Re: NFC/NFKC Normalization Edge Case

From: Kenneth Whistler (kenw@sybase.com)
Date: Tue Sep 22 2009 - 16:44:32 CDT

  • Next message: Jeff Senn: "Re: NFC/NFKC Normalization Edge Case"

    Jeff Senn asked:

    > Can someone sort out an ambiguity for me in composition during
    > normalization?
    > Either I misunderstand, or a couple of widely deployed implementations
    > have bugs,
    > and/or the standards docs imply an inconsistency.
    >
    > Here are 2 test cases and the question is, can the characters be
    > *canonically*
    > combined during normalization?
    >
    > case 1: 1B11, 1B35
    > case 2: 0CCA, 0CD5
    >
    > There are (non-compatibility) decompositions for both of these
    > sequences:
    >
    > 1B12 --> 1B11, 1B35
    > 0CCB --> 0CCA, 0CD5
    >
    > All of these characters have combining class 0. Can they be canonically
    > combined? Even though the 2nd characters are NOT "combining"?

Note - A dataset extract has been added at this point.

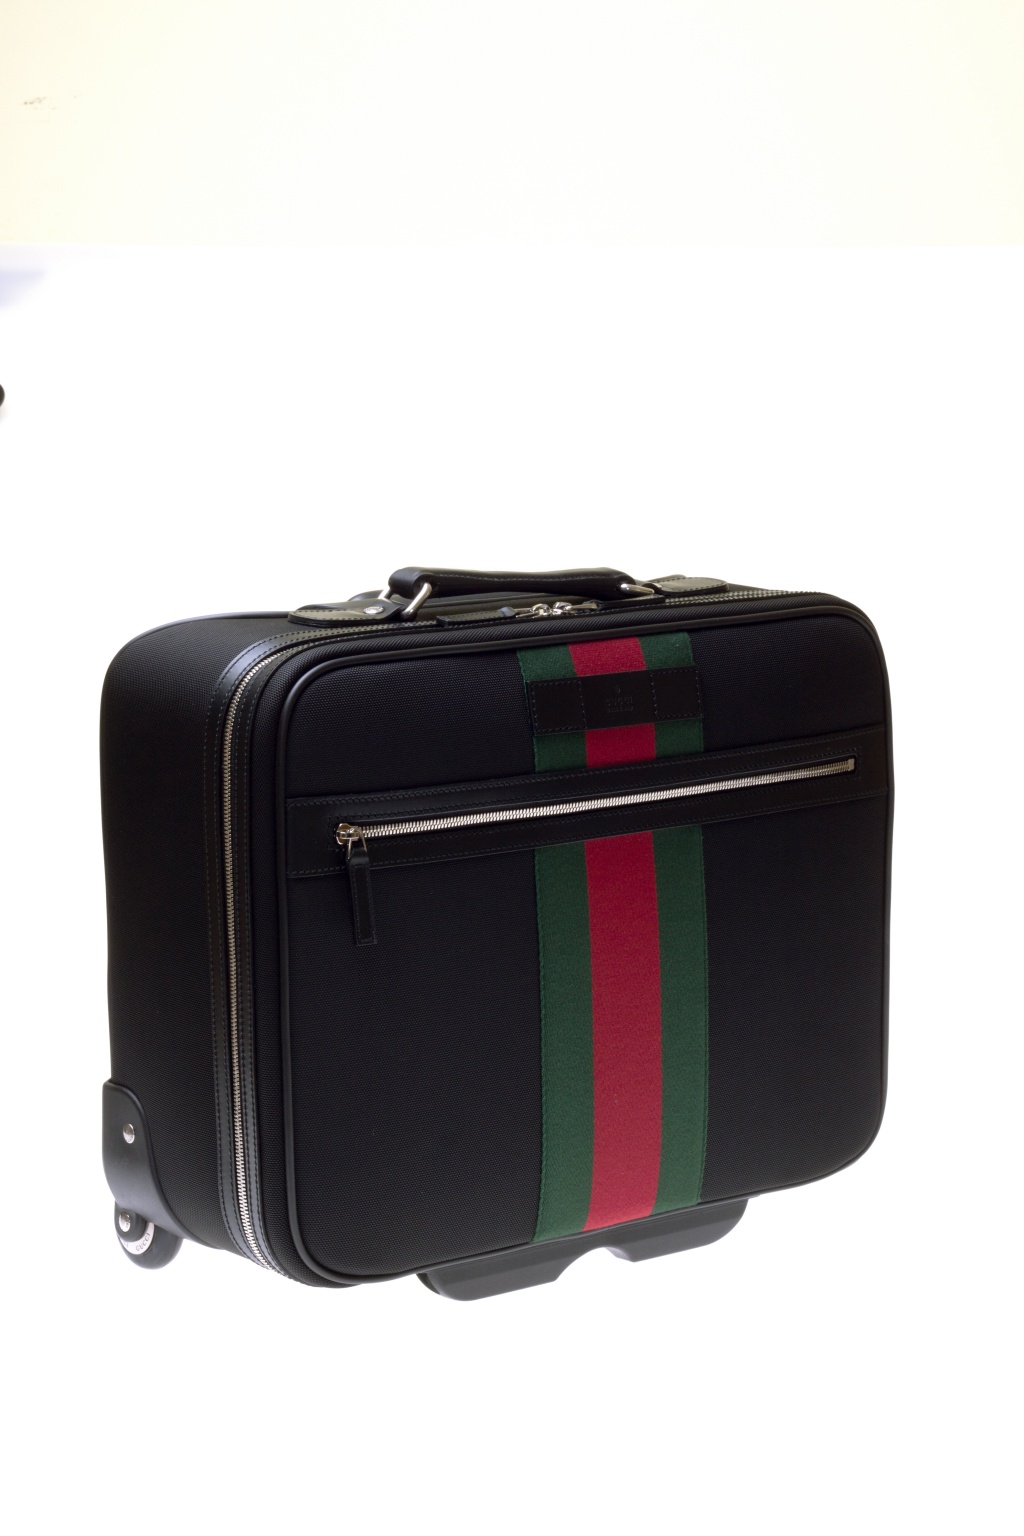 Small Suitcase Gucci - Vitkac Australia

    There's the first mistake. Both of the 2nd characters in
    these sequences *ARE* combining:

    1B35;BALINESE VOWEL SIGN TEDUNG;Mc;0;L;;;;;N;;;;;
    0CD5;KANNADA LENGTH MARK;Mc;0;L;;;;;N;;;;;

    gc=Mc indicates a combining mark -- they are just not *non-spacing*
    combining marks.

    > My read of the current UAX15 implies "yes".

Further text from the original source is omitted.